Op-Med is a collection of original articles contributed by Doximity members.
I stood staring out the window, crying silently. The bright, southern California sunshine was irrelevant, the palm trees an ironic symbol of an oasis that I could not find. I had lost the first patient that I knew well and with whom I had a deep personal relationship.
Judy*, a teenager, had leukemia in the days before high technology bone marrow transplants and sophisticated chemotherapy. She was dying. Her hematologist and I were in constant contact as I ordered enough intravenous drugs to minimize her pain but still allow her to communicate with her mother and me, which she ardently desired.
I had other responsibilities on the pediatric ward, but I kept returning to Judy’s beside whenever I could. During one of my absences, she told her mother that she was really tired of fighting her disease, and her mother told her it was alright to stop. Her mother gave her permission to die. The next time I returned, she was gone.
Her mother told me that one of the last things she said was, “Where is Doctor Stern?”
Besides my sorrow at her death, I also felt that I had let her down. I felt that after all our time together I should have been sensitive enough to sense the time and should have been there. It was as though I had eliminated all that we had meant to each other because I blew the most important moment. I cried with her mother and signed the appropriate papers, but then I needed to cry for myself — for my fallibility, my lack of omnipotence.
I went to a deserted corridor outside to cry, and after a few moments I sensed another person. One of the maintenance men with whom I often joked and talked with was looking at me silently. I turned my tear-stained face to him and he silently held out his hand. It held a fresh, red apple. Even though he had no idea where my pain came from, I realize this was a spontaneous expression of his sympathy, and his statement of our connection, however fragile. I understood it to mean that I was all right, whatever inadequacies I thought I had realized; that there are ways to make pain better and go on, forgiving ourselves along the way. I took the apple and his empathy at the same moment.
People often do not know what to say, so they say nothing. That only serves to isolate us farther from each other. Parents who have lost their children, for example, tell me that friends will avoid talking about their dead child, probably thinking that is is too painful to bring up and not knowing what to say anyway. If a moment comes when the departed child would have enjoyed something or a holiday arrives with the child conspicuously absent, telling parents that you are so sorry that child isn’t with them to share it is not a painful recollection but a comforting reassurance of the child’s life and meaning. I have learned from my patients that it almost doesn’t matter what you say as long as you make some kind of contact. Over the next 45 years, I have allowed myself to take comfort wherever I can find it, often from my patients.

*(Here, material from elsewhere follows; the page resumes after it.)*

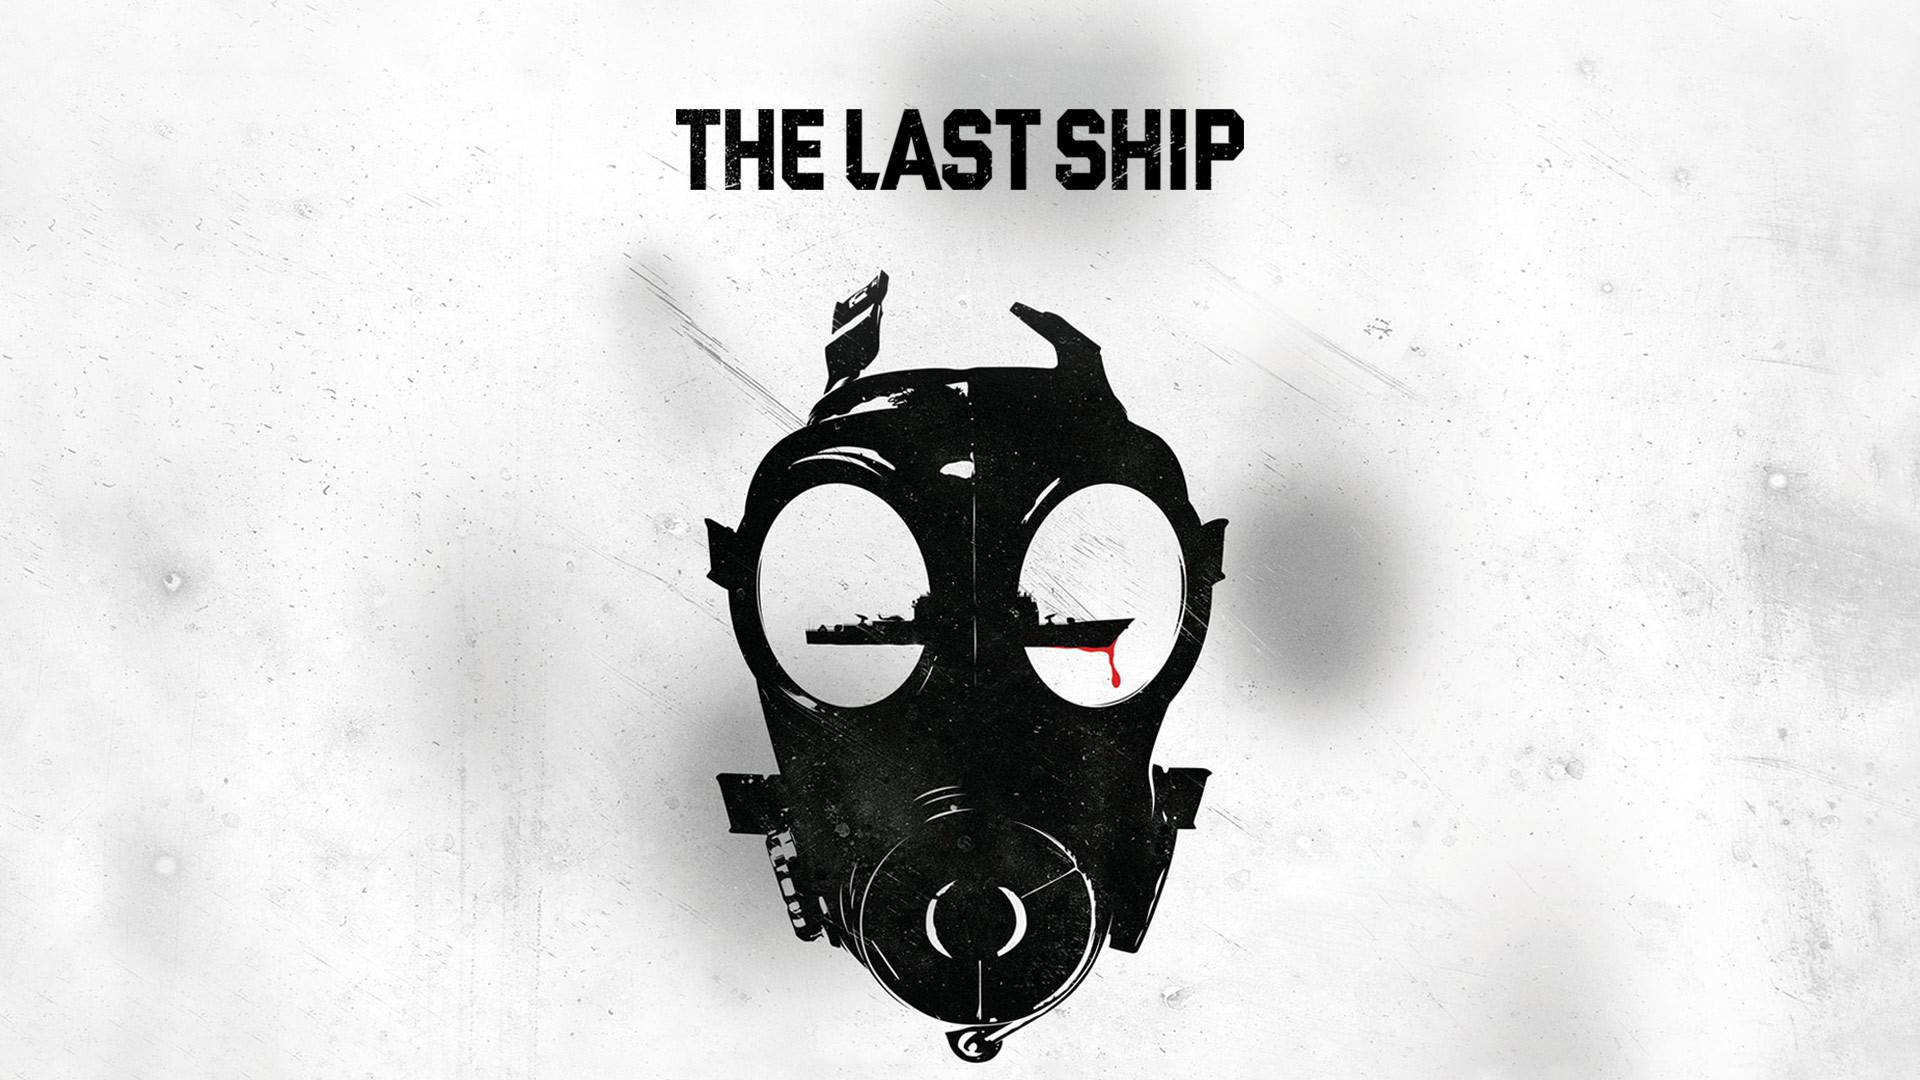 The Last Ship Season 1

I even found comfort from a two-year-old once. One early morning, my husband and I woke to a powerful earthquake. After checking on our loved ones, I chartered a helicopter to reach our practice, as the only highway into the valley had collapsed, leaving our patients isolated. The next several days were filled with aftershocks and chaos — the hospital was running on no water, no usable office, and we were working out of a dark, dirty, unoccupied pharmacy. By the third day, I was out of adrenaline, running on obscure hormones my body was dredging up out of some ancient survival mechanism.

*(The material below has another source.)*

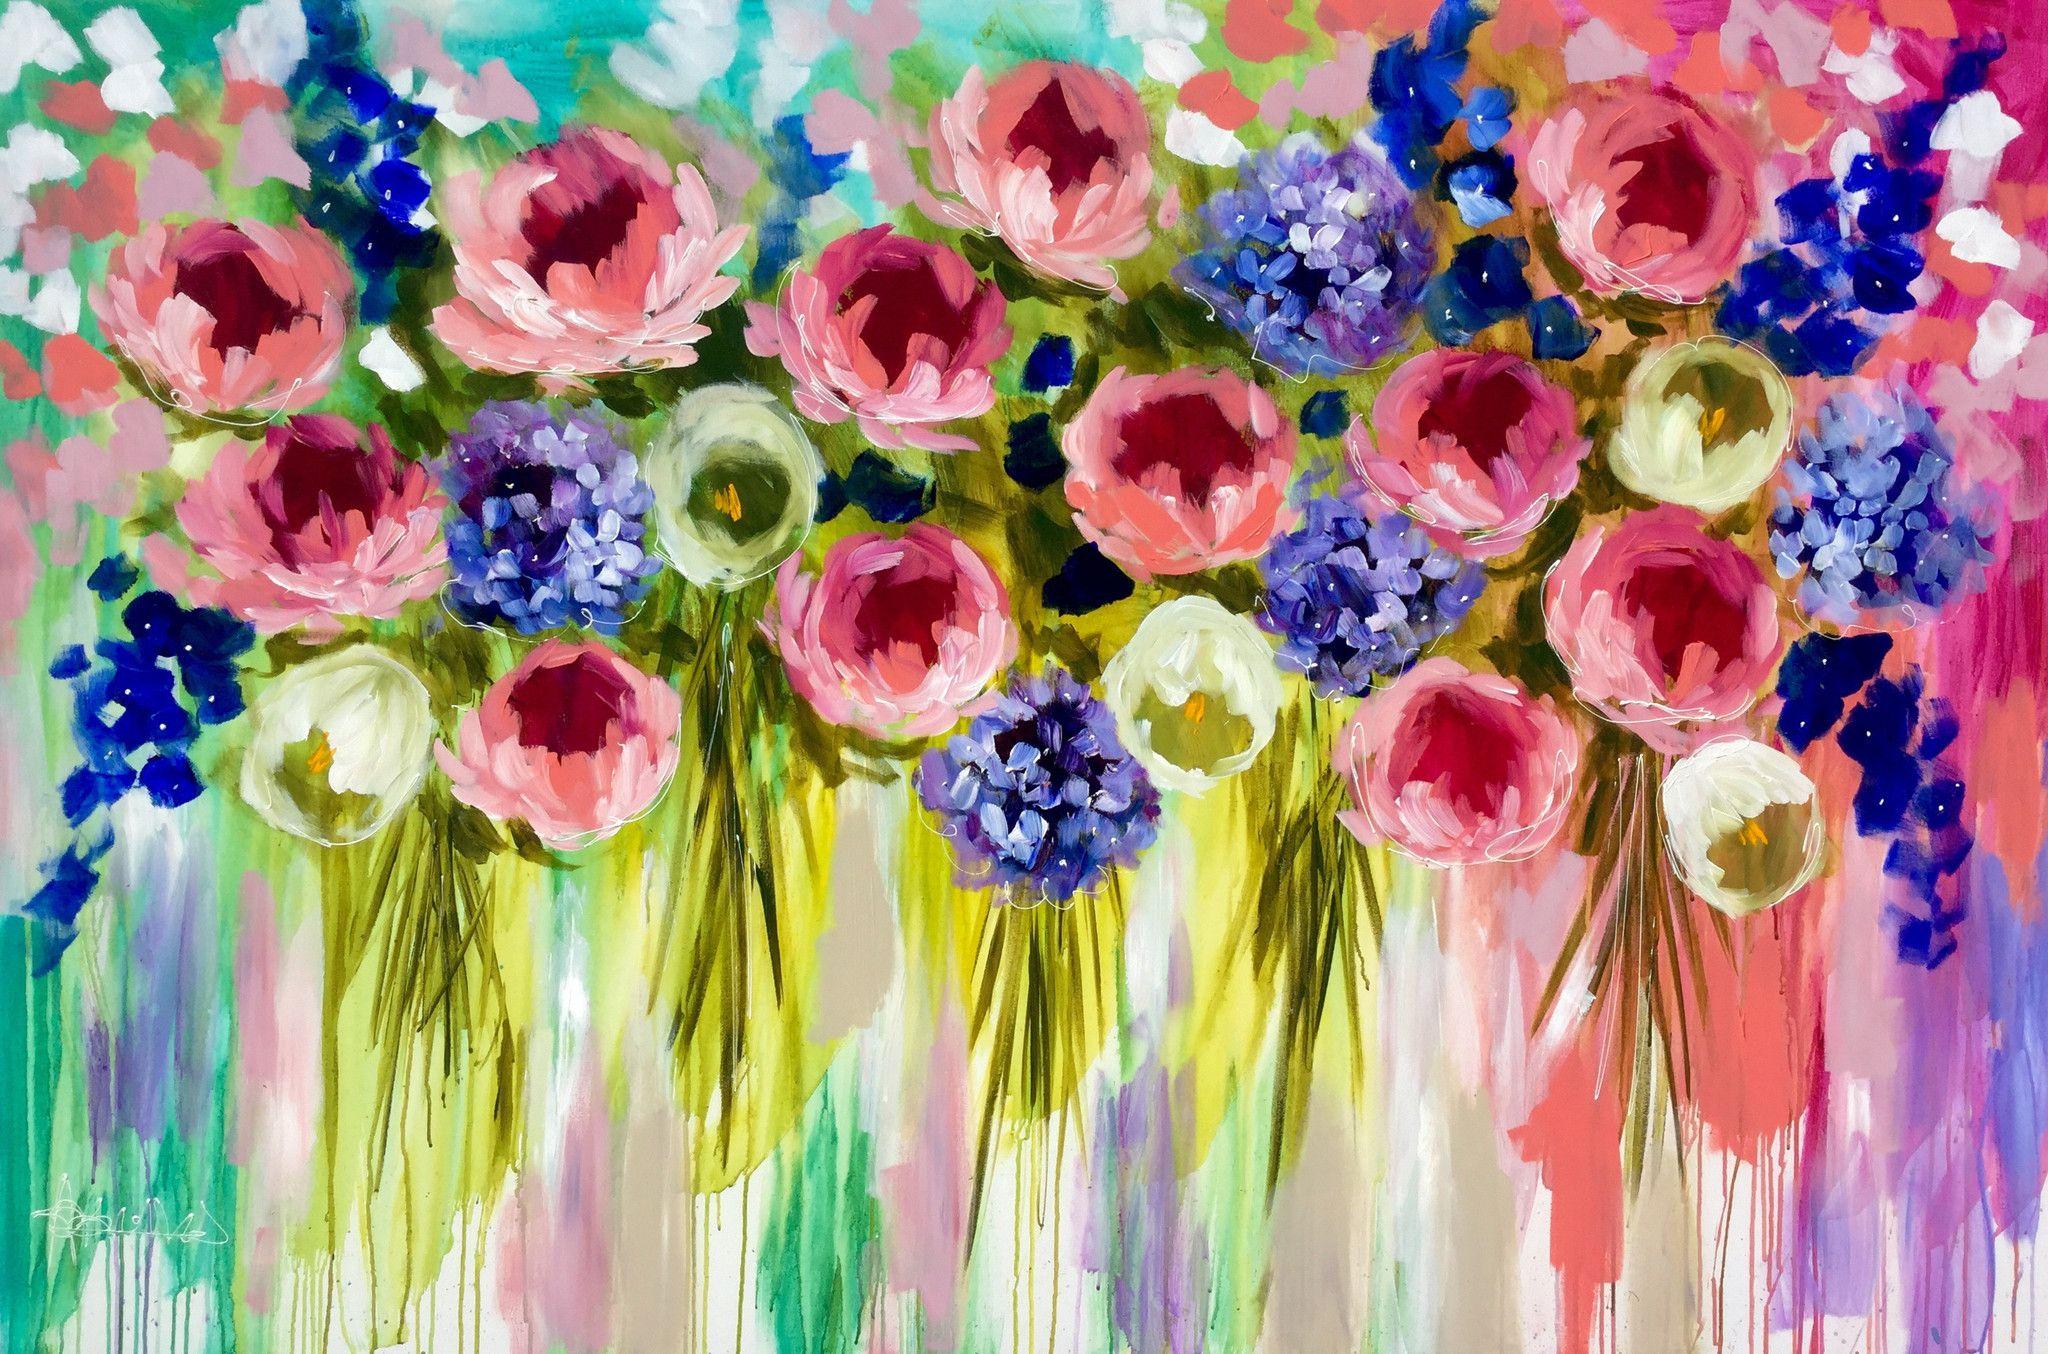 eternal season - original on canvas 120 x180 cm

Then I saw Monique*, a beloved toddler with a perpetually inquisitive expression and hair that bounced when she walked. She was waiting to see my partner, but I bent down and said, “Monique, I need a hug.” She reached up and hugged me hard around my neck, patting me on the back as we embraced. I couldn’t believe how comforting those little pats felt. As I walked away, refreshed and ready to work some more, I felt ashamed that a big, strong, independent woman like me took comfort from a toddler. Then I rethought it.
What’s wrong with taking comfort from anyone or anyplace you can find it? Comfort can come from the most unexpected quarters, and we should be ready to accept it where we find it.
*Patient names have been changed for confidentiality.